Appendix A: Excerpts from WOOF!

In a fabricated advertisement (Issue #4; February, 1981), Atmananda poked fun at televangelists: "Dear Friends in Christ... I want to offer you my secrets of success so that you can make fantastic profits before the world ends! This offer is good for a limited time only, so act now. Send $500.00 for my new book, Better Living With Jesus Through Voodoo. You will receive your copy in a plain brown bag. Here is a brief selection of some of the wonderful topics my book covers: 1) How to make Satan work for you, 2) Selling religious trinkets to the poor, 3) Using television to rake in the millions, 4) Fourteen genuine fake miracles you can impress your congregation with, 5) Using guilt to pry the last pennies from your friends' pockets, 6) How to make your own religion look good while defaming all the others, 7) Convincing people that you once took Jesus to lunch, 8) Seven great strategies to win at pinball, 9) How to give a fire and brimstone sermon that will cast fear into the hearts of all Christians, 10) Tax shelters to protect your new fortunes. All this and more can be yours if you act now! Don't delay. Send for my book today. Yours in Christ and Heavenly Bucks$, The Right Reverend Armageddon T. Thunderbird, Esq."
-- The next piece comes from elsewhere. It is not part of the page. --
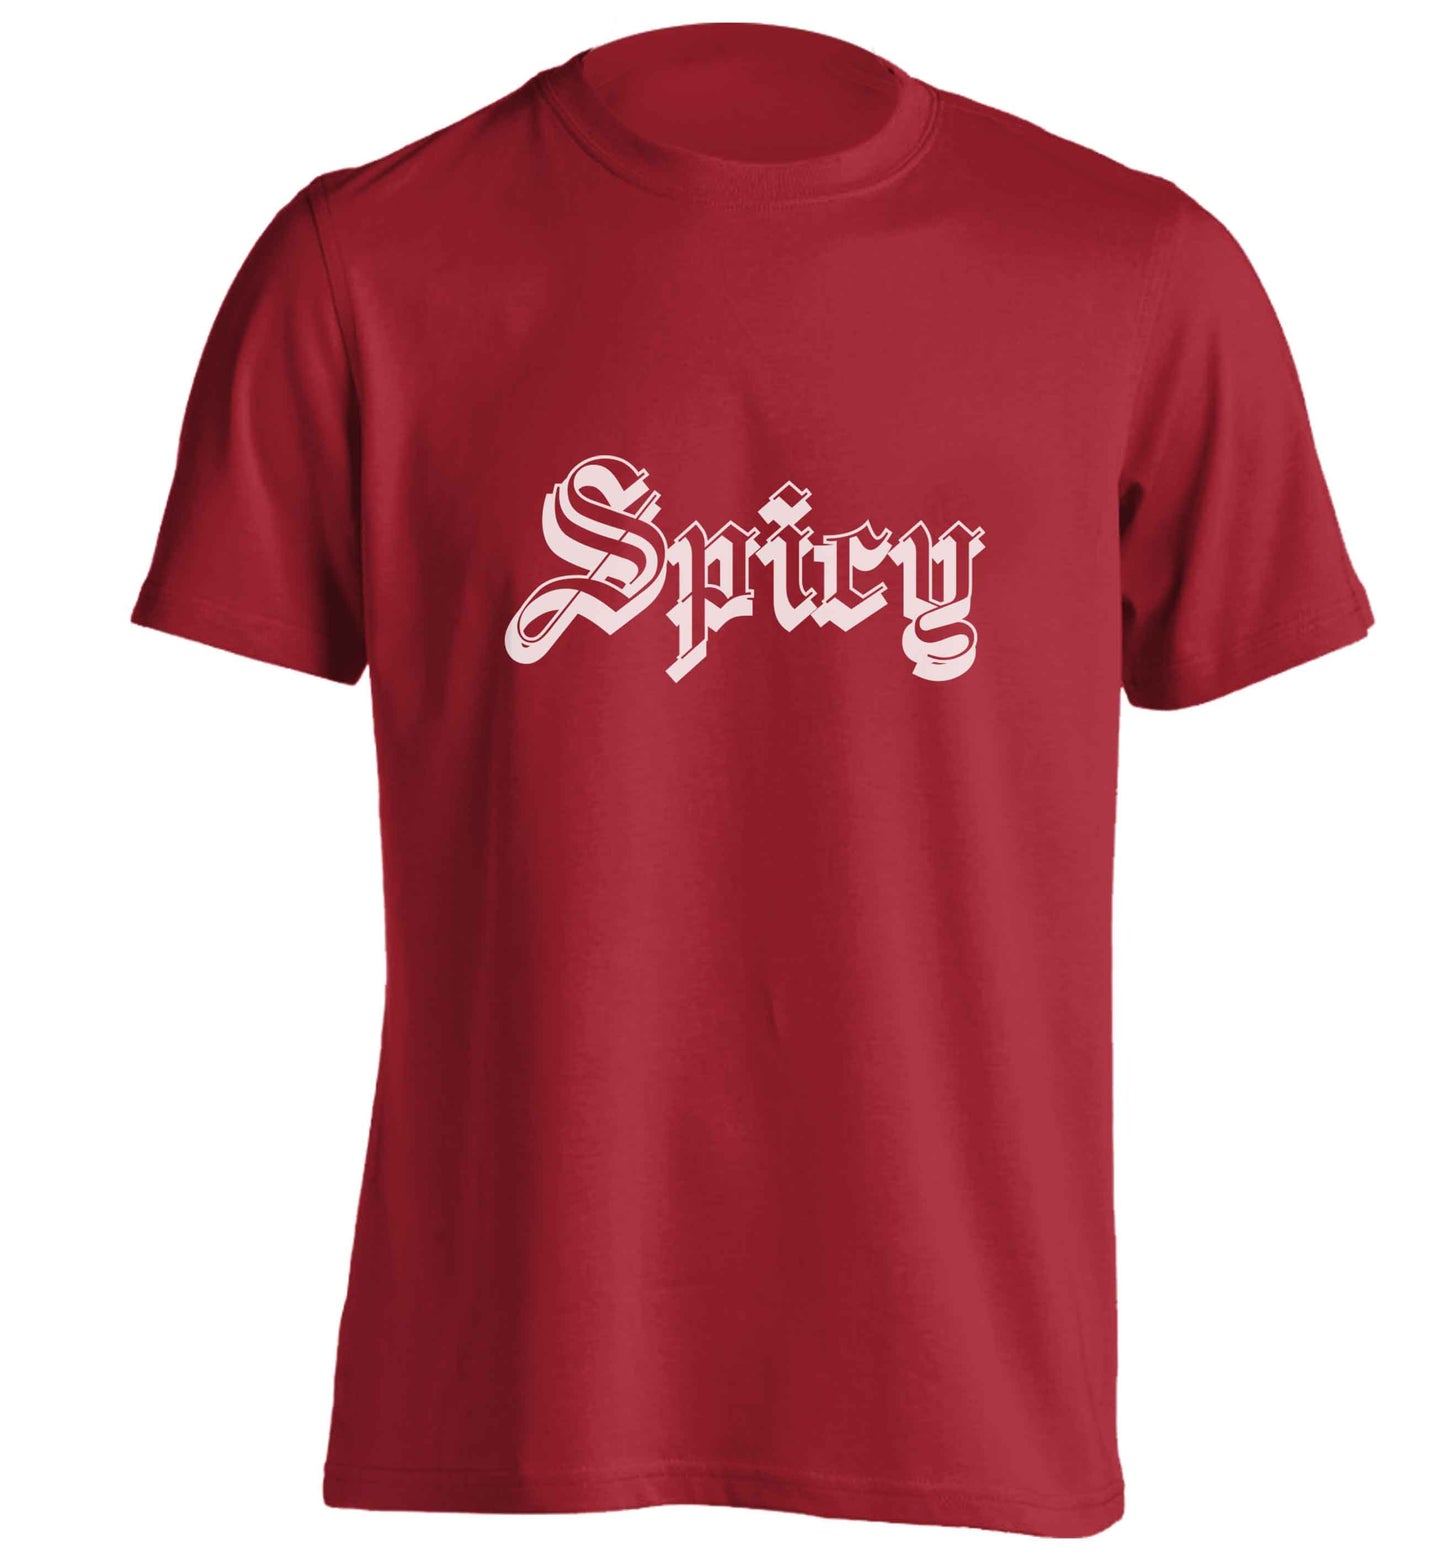 Spicy adults unisex red Tshirt 2XL

In "Swami Muktaneeshprabhphada's Thoughts For Clean Living & Laundry" (Issue #6; March, 1981), Atmananda satirized Indian gurus: "Greetings on you, my favorite little people! Today I am going to discuss things with so much spiritual significance... You all want to attain Illumination, I know that you do. You are good children. But at the same time many of you have dirty and disgusting thoughts about sex, sex and sex. Now you must put these rotten thoughts away. You can't achieve Enlightenment thinking about sex. You must think about me. If you meditate on your dear old Swami then you will become pure—like your laundry... "
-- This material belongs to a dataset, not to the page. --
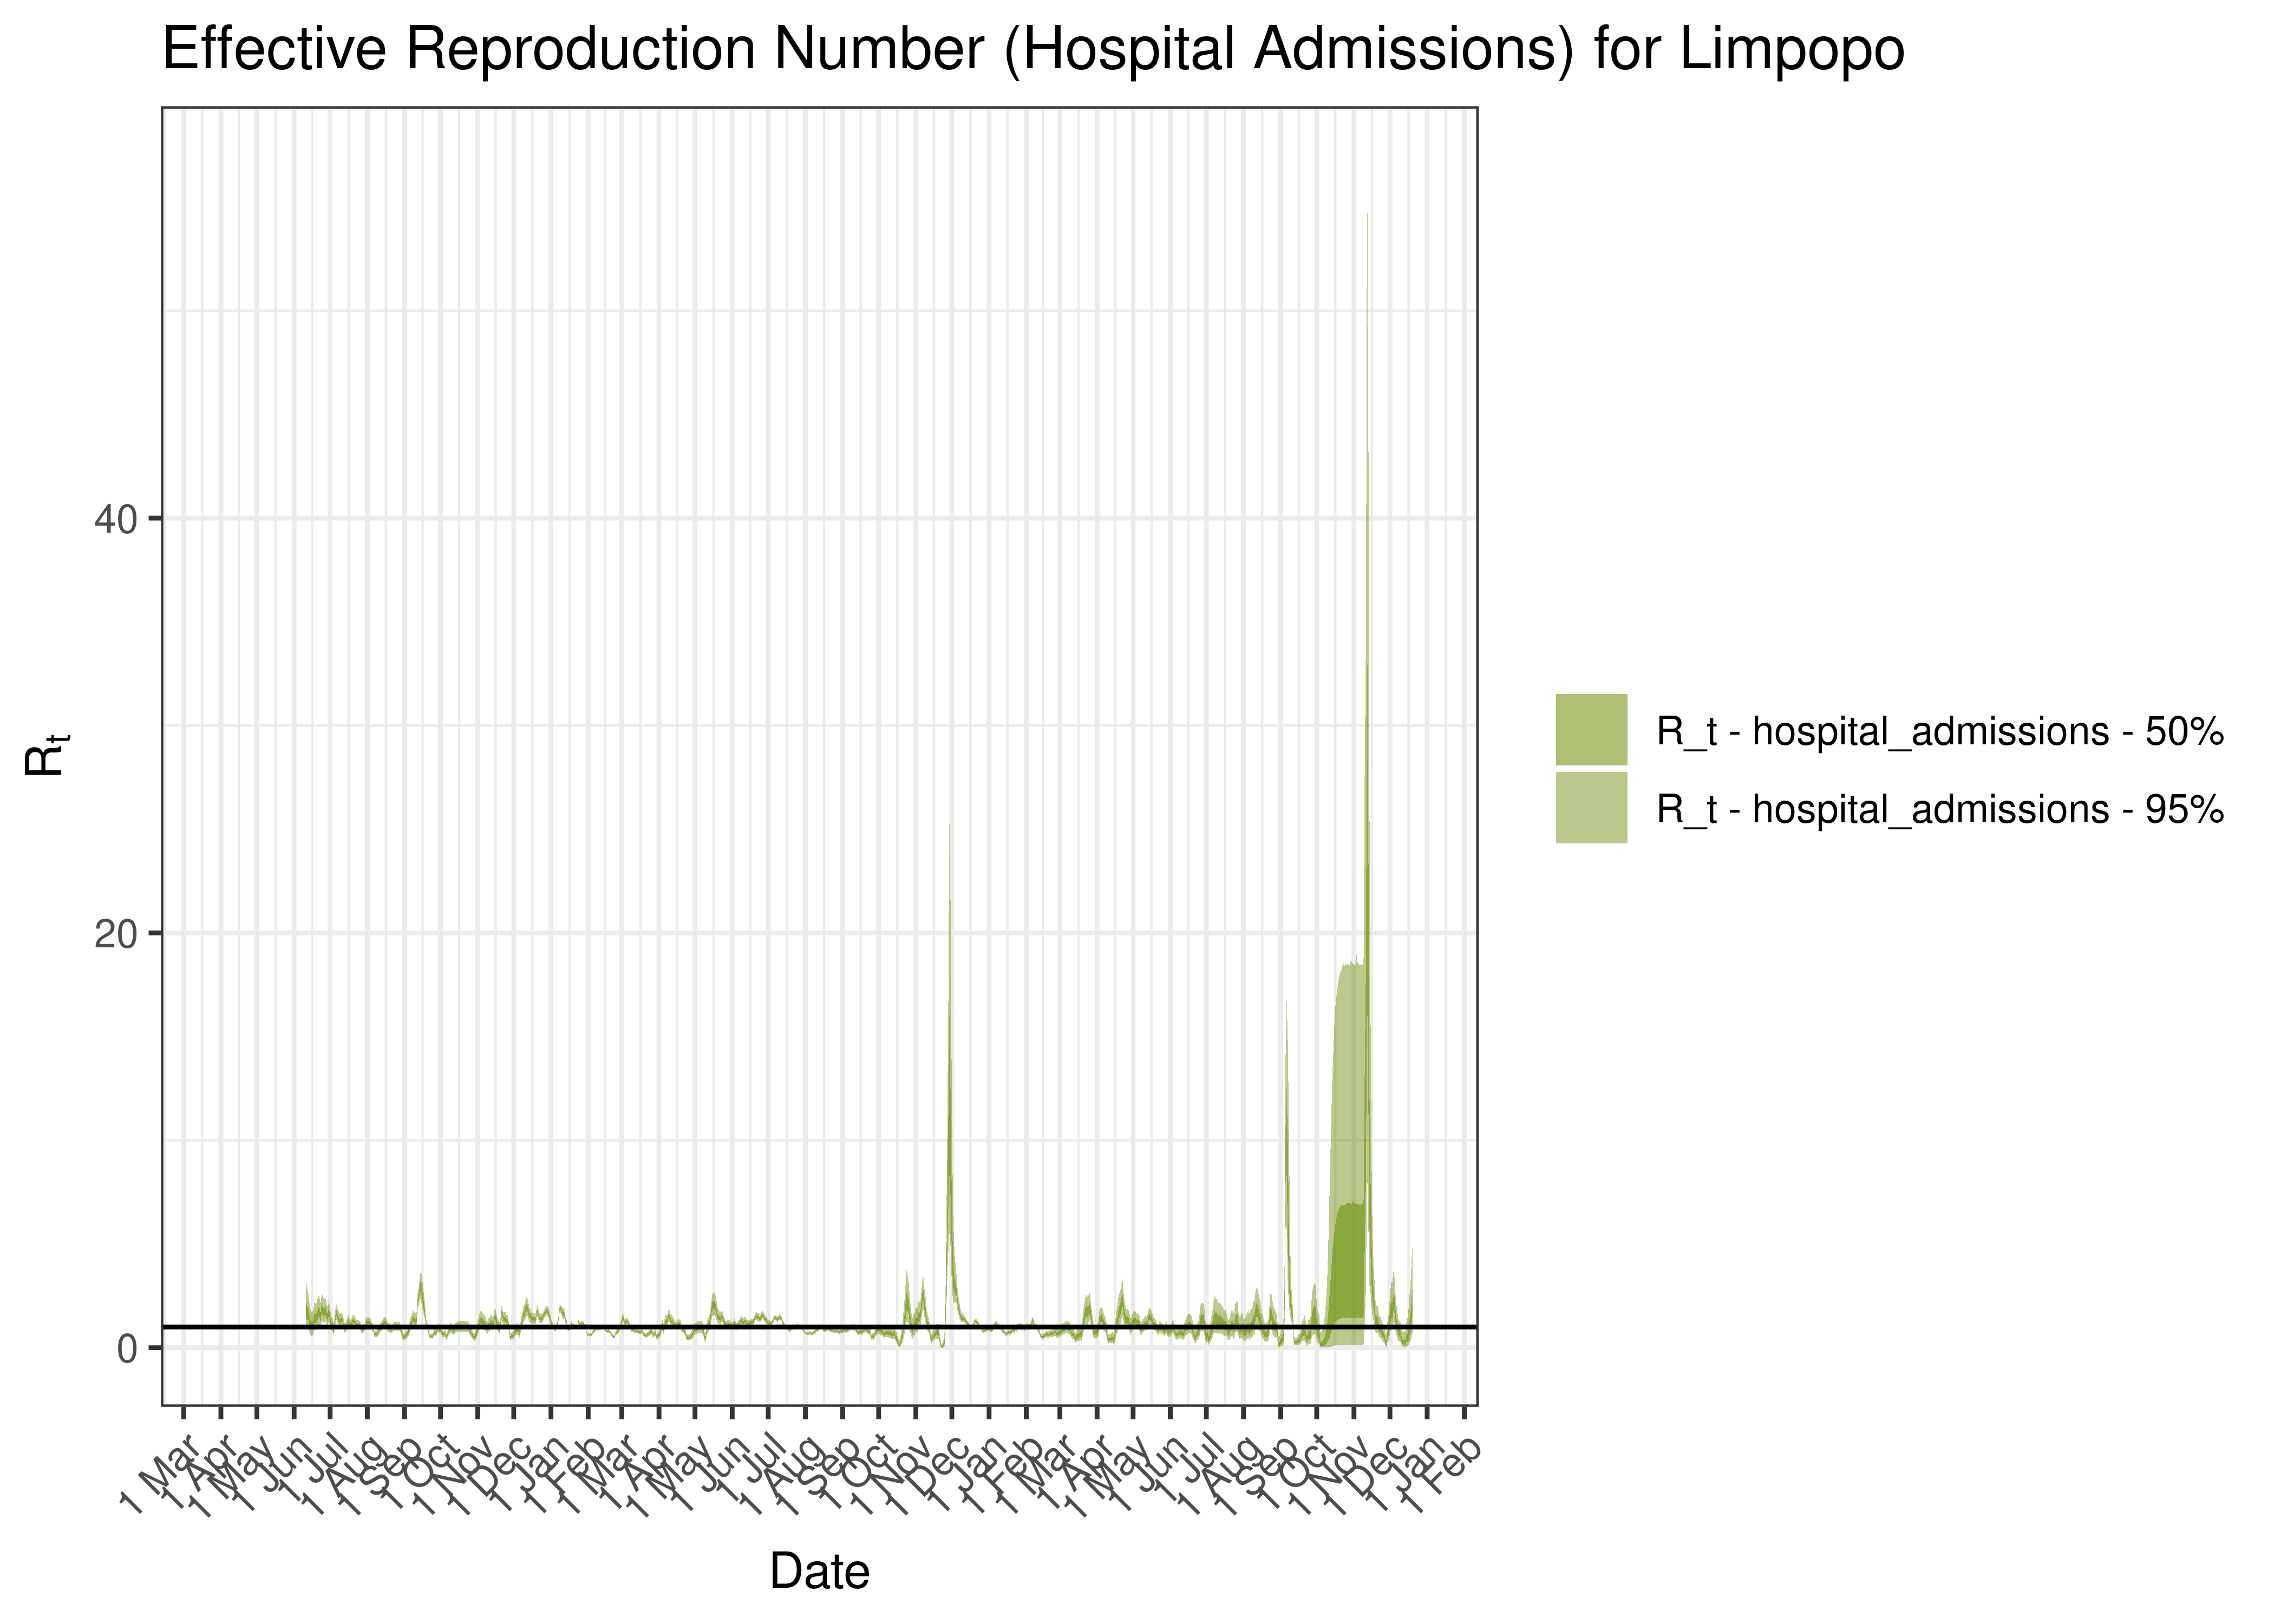 Estimated Effective Reproduction Number Based on Hospital Admissions for Limpopo since 1 April 2020

In "Constipation Cure" (Issue #7; April, 1981), Atmananda struck out at the Moonies: "Constipated? Can't go at all? REAM YOURSELF with Reverend Mune's Original Korean Holistic Reamer. All Natural, Heavy Metal, Available in decorator colors."
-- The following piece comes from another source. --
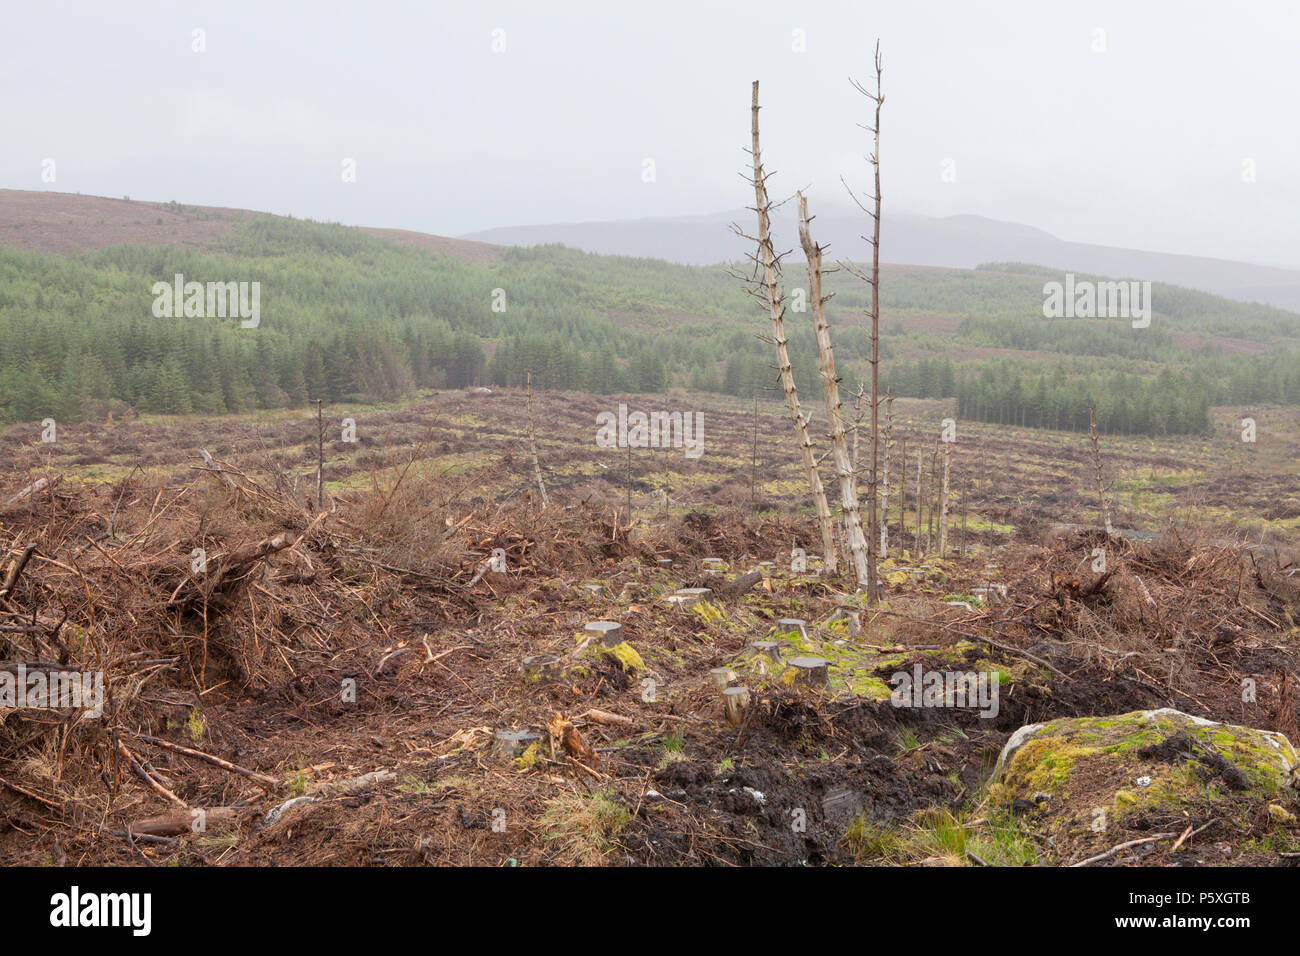 Commercial forestry in the Wicklow Mountains of Ireland, showing the destruction of a fragile peat bog environment Stock Photo

In "Polarity Institute For The Criminally Insane—Formerly Twingle's Military Academy for the Criminally Insane" (Issue #6; March, 1981), Atmananda lambasted New Age groups: "Dear Holistic Friends, It is with the greatest joy that I can invite you to a free weekend of fun and kinkyness at the GRAND OPENING of the Polarity Institute for the Criminally Insane. We know that if you will come to one or two of our free sessions we can hook you into a long term program which will cost you thousands!... How do we manage this? By putting pictures in our ads that are filled with subliminal sexual stimulation, by filling our ads with a lot of nonsense about the types of therapies we offer. And last but not least, by relying on your own insecurity and lack of faith in your own natural healing abilities. Choose from any of the fine therapeutic programs we offer to you: 1) QUESADILLA WRAPS. Imagine your naked body being wrapped in warm cheese-filled Quesadillas. Very good for gout and ingrown toenails. 2) Luxuriate in a GUACAMOLE HOT TUB. Wonderful for mild psychosis. 3) LIE ON ONE OF OUR EXCLUSIVE 'Clam Beds' and be stroked with a flamingo feather by Ultra Violet, one of our staff 'workers.' 4) TEQUILLA & GINSENG BODY RUB Wonderful for asthma, heart attack, cerebral hemorrhage and mild back aches. Located in Beautiful Downtown Tijuana, The Home Of The Stars. Gwidcard accepted."